---- Records for this exercise

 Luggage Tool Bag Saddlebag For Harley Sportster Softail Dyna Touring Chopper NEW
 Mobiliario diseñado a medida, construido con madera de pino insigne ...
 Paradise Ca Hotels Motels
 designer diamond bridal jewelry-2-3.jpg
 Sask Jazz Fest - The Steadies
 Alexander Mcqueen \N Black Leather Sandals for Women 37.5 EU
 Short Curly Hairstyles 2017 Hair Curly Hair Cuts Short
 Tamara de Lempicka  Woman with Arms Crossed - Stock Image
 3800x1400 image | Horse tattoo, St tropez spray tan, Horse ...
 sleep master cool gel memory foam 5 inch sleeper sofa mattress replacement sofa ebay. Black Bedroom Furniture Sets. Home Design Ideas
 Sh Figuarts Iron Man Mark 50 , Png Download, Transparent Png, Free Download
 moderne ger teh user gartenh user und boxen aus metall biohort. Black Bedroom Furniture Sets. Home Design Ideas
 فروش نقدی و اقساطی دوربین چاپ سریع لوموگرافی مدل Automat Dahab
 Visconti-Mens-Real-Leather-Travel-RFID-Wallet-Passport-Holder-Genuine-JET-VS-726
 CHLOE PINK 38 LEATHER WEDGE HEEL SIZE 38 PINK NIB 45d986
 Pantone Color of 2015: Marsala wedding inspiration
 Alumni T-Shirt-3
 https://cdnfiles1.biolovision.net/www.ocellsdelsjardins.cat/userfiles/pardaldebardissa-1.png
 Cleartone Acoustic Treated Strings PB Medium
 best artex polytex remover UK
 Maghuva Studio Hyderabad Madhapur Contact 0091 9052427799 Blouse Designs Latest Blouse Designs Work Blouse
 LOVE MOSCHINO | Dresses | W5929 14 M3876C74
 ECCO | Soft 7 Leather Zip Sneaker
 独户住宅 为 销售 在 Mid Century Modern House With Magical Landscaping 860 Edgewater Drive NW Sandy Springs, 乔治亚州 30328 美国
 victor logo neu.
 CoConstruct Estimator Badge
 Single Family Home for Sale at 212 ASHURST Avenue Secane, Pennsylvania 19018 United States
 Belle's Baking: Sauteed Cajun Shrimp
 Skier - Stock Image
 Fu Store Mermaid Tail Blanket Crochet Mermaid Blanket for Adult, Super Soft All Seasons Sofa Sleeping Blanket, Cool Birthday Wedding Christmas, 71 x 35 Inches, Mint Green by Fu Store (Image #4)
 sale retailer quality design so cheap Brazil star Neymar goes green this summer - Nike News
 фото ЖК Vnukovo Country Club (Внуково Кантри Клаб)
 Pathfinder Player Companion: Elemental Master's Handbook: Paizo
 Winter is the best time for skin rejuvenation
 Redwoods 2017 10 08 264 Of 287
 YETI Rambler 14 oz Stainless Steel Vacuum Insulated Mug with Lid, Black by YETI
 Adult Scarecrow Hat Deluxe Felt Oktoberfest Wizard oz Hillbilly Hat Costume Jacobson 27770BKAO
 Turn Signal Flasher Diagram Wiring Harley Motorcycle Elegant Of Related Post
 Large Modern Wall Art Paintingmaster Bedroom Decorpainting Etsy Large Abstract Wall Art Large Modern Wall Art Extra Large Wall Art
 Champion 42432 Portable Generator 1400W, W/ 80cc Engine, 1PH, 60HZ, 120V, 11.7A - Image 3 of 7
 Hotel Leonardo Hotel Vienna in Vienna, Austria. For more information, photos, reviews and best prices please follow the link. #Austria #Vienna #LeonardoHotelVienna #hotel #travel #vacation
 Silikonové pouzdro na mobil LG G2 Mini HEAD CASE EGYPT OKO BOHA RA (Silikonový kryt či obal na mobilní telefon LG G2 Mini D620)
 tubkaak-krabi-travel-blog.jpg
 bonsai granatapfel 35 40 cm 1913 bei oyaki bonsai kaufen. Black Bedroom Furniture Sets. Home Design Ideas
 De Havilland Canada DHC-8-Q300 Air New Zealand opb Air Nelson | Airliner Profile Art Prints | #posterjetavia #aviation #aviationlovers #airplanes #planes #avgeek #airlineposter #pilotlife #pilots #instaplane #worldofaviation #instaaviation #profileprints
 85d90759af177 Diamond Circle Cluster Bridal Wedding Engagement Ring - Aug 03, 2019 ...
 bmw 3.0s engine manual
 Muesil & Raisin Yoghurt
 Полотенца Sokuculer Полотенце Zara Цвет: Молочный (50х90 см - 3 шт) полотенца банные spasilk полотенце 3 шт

--------

= Exercise prompt =
All lines in the data above from the one with "sleep master cool" through the one with "Adult Scarecrow Hat" must be repeated exactly, and no others.

= Solution =
 sleep master cool gel memory foam 5 inch sleeper sofa mattress replacement sofa ebay. Black Bedroom Furniture Sets. Home Design Ideas
 Sh Figuarts Iron Man Mark 50 , Png Download, Transparent Png, Free Download
 moderne ger teh user gartenh user und boxen aus metall biohort. Black Bedroom Furniture Sets. Home Design Ideas
 فروش نقدی و اقساطی دوربین چاپ سریع لوموگرافی مدل Automat Dahab
 Visconti-Mens-Real-Leather-Travel-RFID-Wallet-Passport-Holder-Genuine-JET-VS-726
 CHLOE PINK 38 LEATHER WEDGE HEEL SIZE 38 PINK NIB 45d986
 Pantone Color of 2015: Marsala wedding inspiration
 Alumni T-Shirt-3
 https://cdnfiles1.biolovision.net/www.ocellsdelsjardins.cat/userfiles/pardaldebardissa-1.png
 Cleartone Acoustic Treated Strings PB Medium
 best artex polytex remover UK
 Maghuva Studio Hyderabad Madhapur Contact 0091 9052427799 Blouse Designs Latest Blouse Designs Work Blouse
 LOVE MOSCHINO | Dresses | W5929 14 M3876C74
 ECCO | Soft 7 Leather Zip Sneaker
 独户住宅 为 销售 在 Mid Century Modern House With Magical Landscaping 860 Edgewater Drive NW Sandy Springs, 乔治亚州 30328 美国
 victor logo neu.
 CoConstruct Estimator Badge
 Single Family Home for Sale at 212 ASHURST Avenue Secane, Pennsylvania 19018 United States
 Belle's Baking: Sauteed Cajun Shrimp
 Skier - Stock Image
 Fu Store Mermaid Tail Blanket Crochet Mermaid Blanket for Adult, Super Soft All Seasons Sofa Sleeping Blanket, Cool Birthday Wedding Christmas, 71 x 35 Inches, Mint Green by Fu Store (Image #4)
 sale retailer quality design so cheap Brazil star Neymar goes green this summer - Nike News
 фото ЖК Vnukovo Country Club (Внуково Кантри Клаб)
 Pathfinder Player Companion: Elemental Master's Handbook: Paizo
 Winter is the best time for skin rejuvenation
 Redwoods 2017 10 08 264 Of 287
 YETI Rambler 14 oz Stainless Steel Vacuum Insulated Mug with Lid, Black by YETI
 Adult Scarecrow Hat Deluxe Felt Oktoberfest Wizard oz Hillbilly Hat Costume Jacobson 27770BKAO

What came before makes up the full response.